God doesn’t like the pride of Pharisees. But he also holds to account those he blesses greatly. The incomparable Moses doesn’t get to enter the Promised Land because of shortcomings. David is gravely humbled by God (through the prophet Nathan) because of his sins.

So, as Advent ends, we 21st century denizens also might do well to think of George Gilder and his Israel Test: how do you regard those more talented than yourself? Do you envy them and try to put them down? Or do you admire them and try to emulate and make common cause with them?

These are among the kinds of questions Pope Francis was posing to the Curia, warning of the “sickness of considering oneself ‘immortal’, ‘immune’ or ‘indispensable’.” He warns of “Martha-ism” (in the Gospel story of Mary and Martha, when Jesus visits their home), the sin of “excessive industriousness;…of those who immerse themselves in work” and neglect to sit at Jesus’ feet.” Remember to join your people, to “weep with those who weep and rejoice with those who rejoice.”

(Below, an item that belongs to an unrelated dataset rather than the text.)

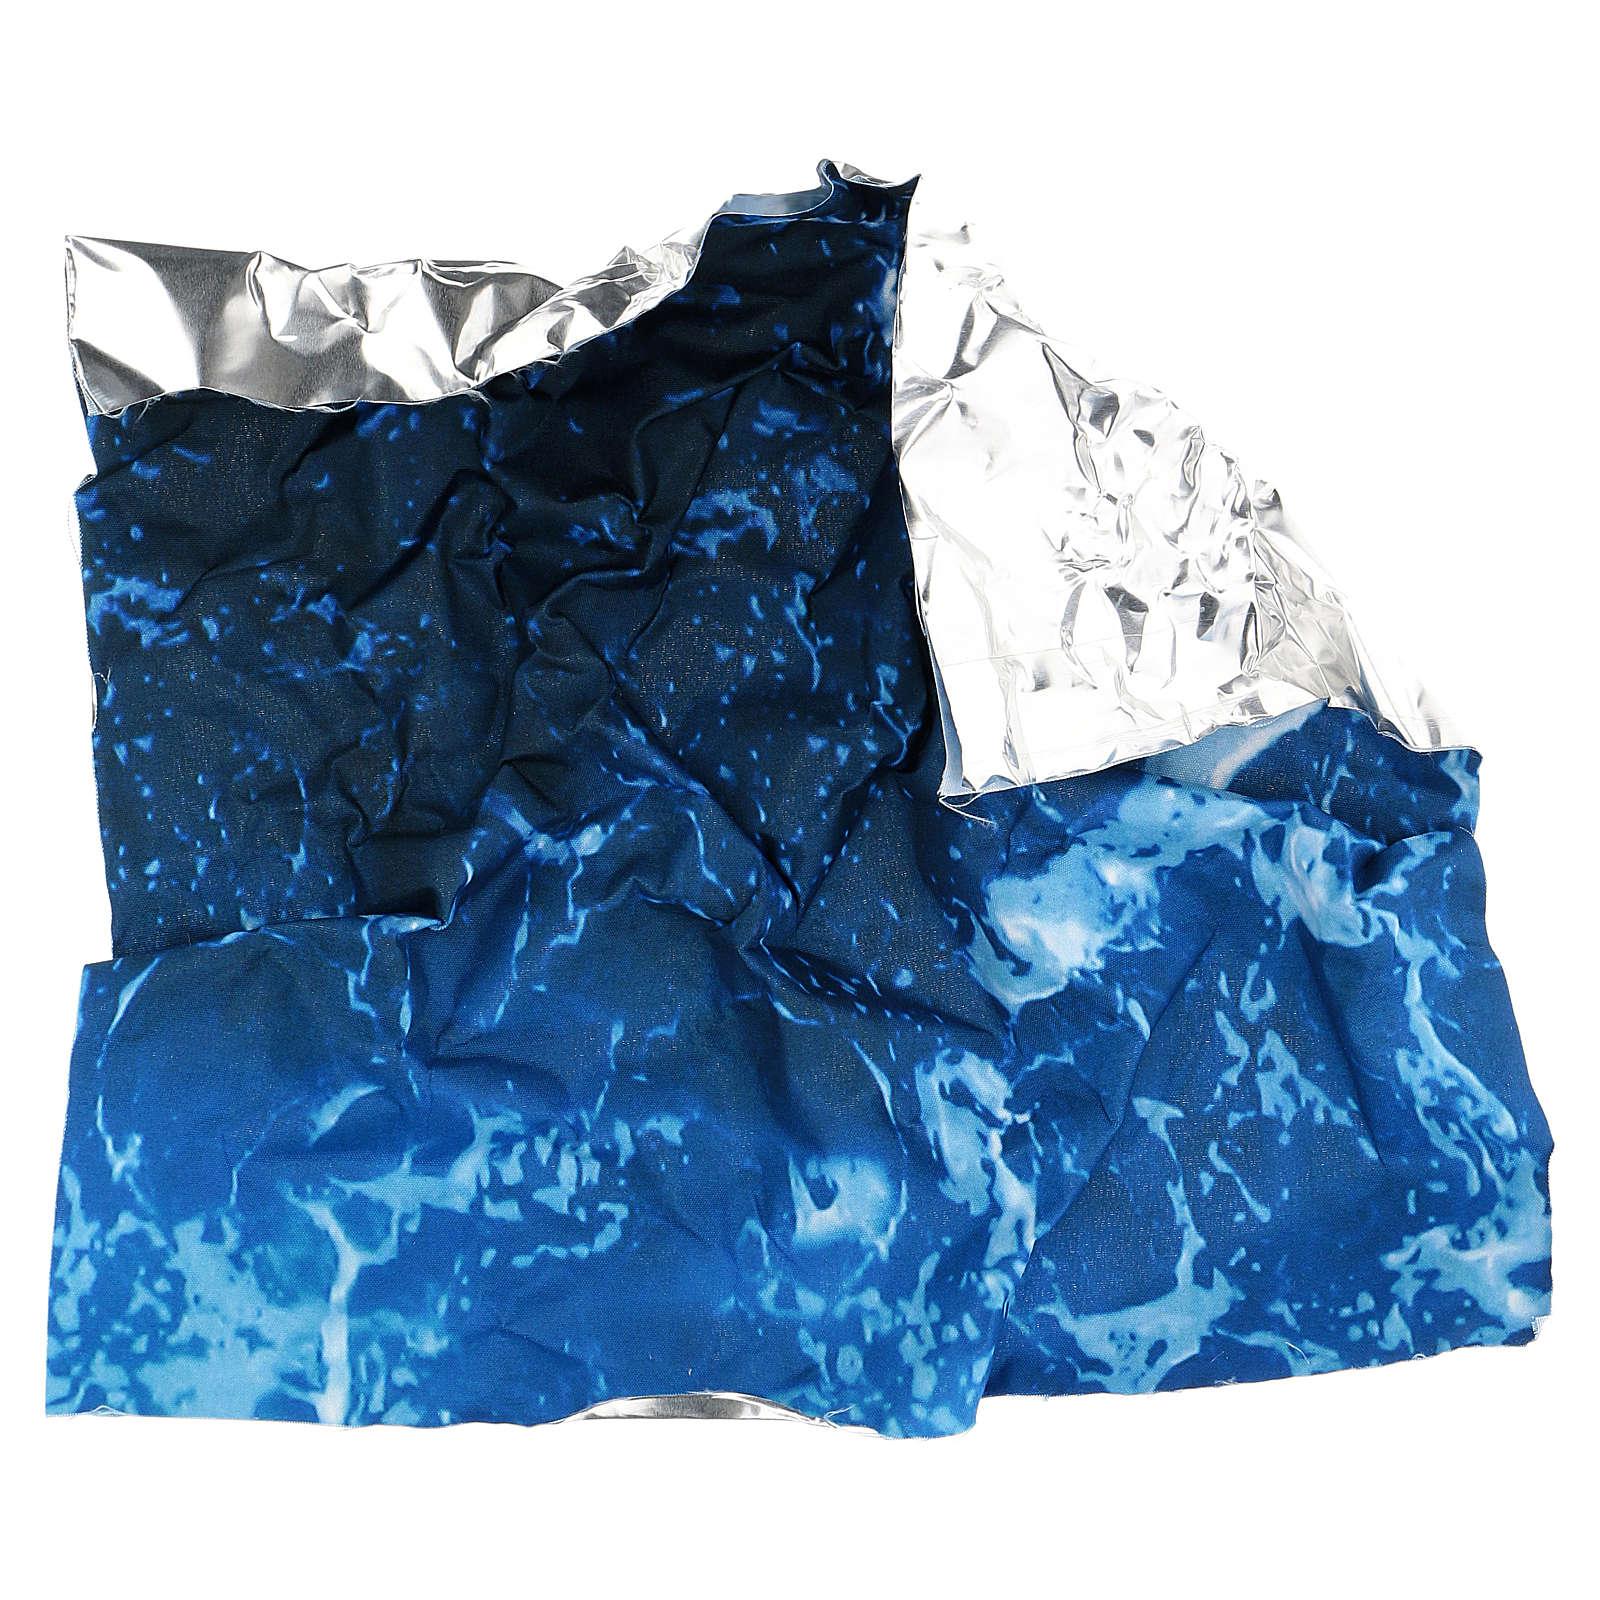 Papel para modelar água para presépio 30x30 cm 4
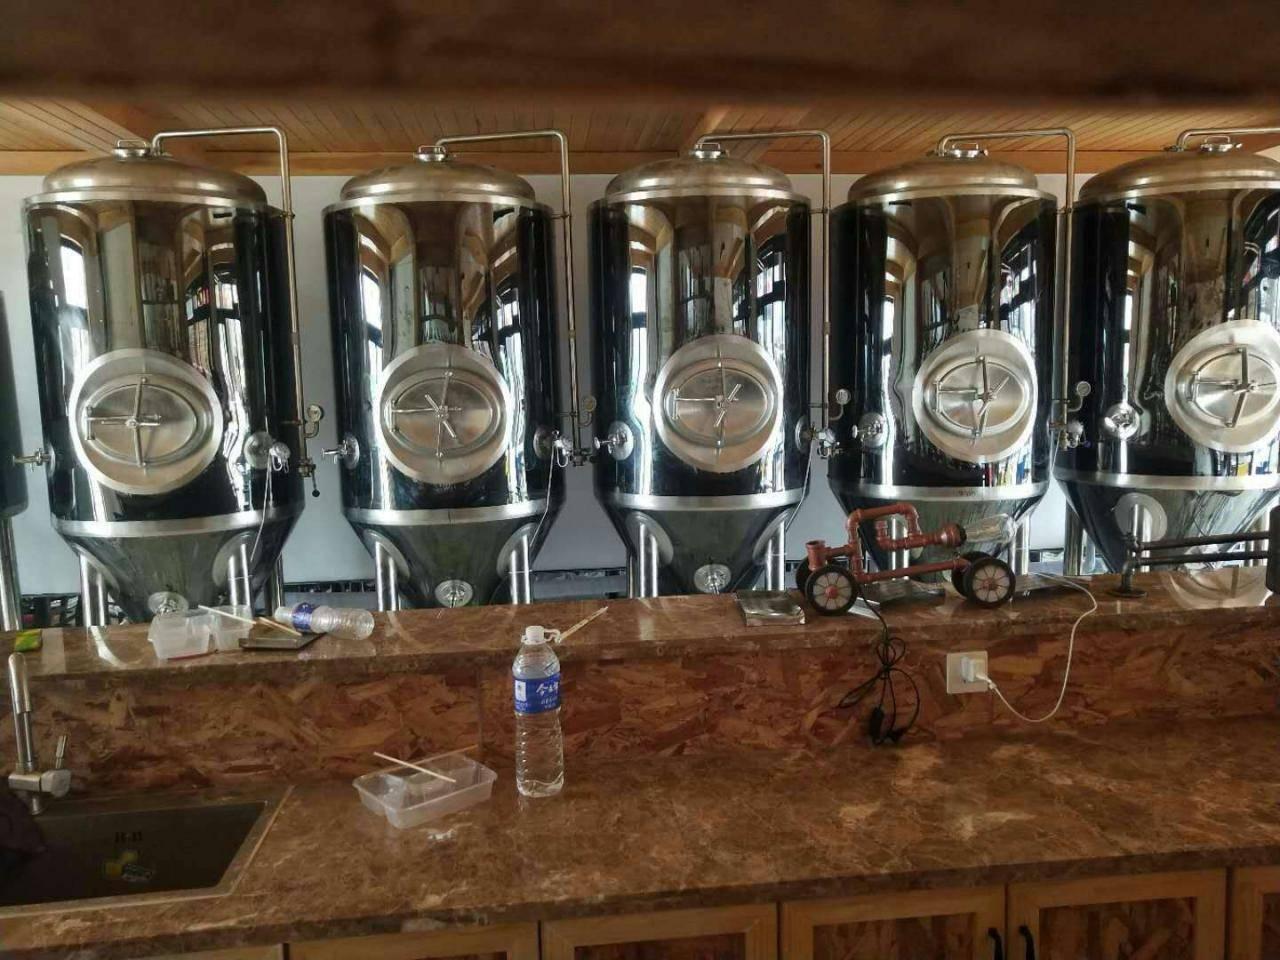 合众精酿啤酒设备教学视频-自酿精酿啤酒设备一套多少钱?-大麦丫-精酿啤酒连锁超市,工厂店平价酒吧免费加盟

He warns, too, of “excessive planning and functionalism.” And of the “ailment of rivalry and vainglory.” And he wants to root out the sickness of those Churchmen who are hard and unyielding, while in private “they lead a hidden, dissolute life.” Ouch!

He is opposing “careerism and opportunism”, the sin of personal jealousy, of humorlessness, of accumulating honors and property, of “living in a closed circle” of group identity.

This will be recalled as an historic address if Pope Francis now follows these prophetic words with sound actions. It will take great courage and strength to do so. Pope Benedict XVI reputedly realized that reform of the Curia was needed, but that he lacked the physical ability to carry it through. Reform at Vatican City may be the new pope’s most important task. He knows he has to evangelize the Church so the Church can evangelize the world.

One has to wish Pope Francis well. But one also can point out the Francis has described the bureaucratic sclerosis that afflicts many organizations, including businesses, universities and governments, not just the institutional church. People fall in love with their job and imagine that no one else can do it, and that those it regulates and organizes are somehow dependent on it. The official is so hard-working and long-suffering; why don’t the peons do as they are told?

Then one turns Francis’ spotlight on oneself. Do I have the sicknesses he describes?

To ask that question is get the answer, Oh, Yes! It’s true!

Thank God, therefore, that our Redeemer lives and is born again on Christmas Day in the morning!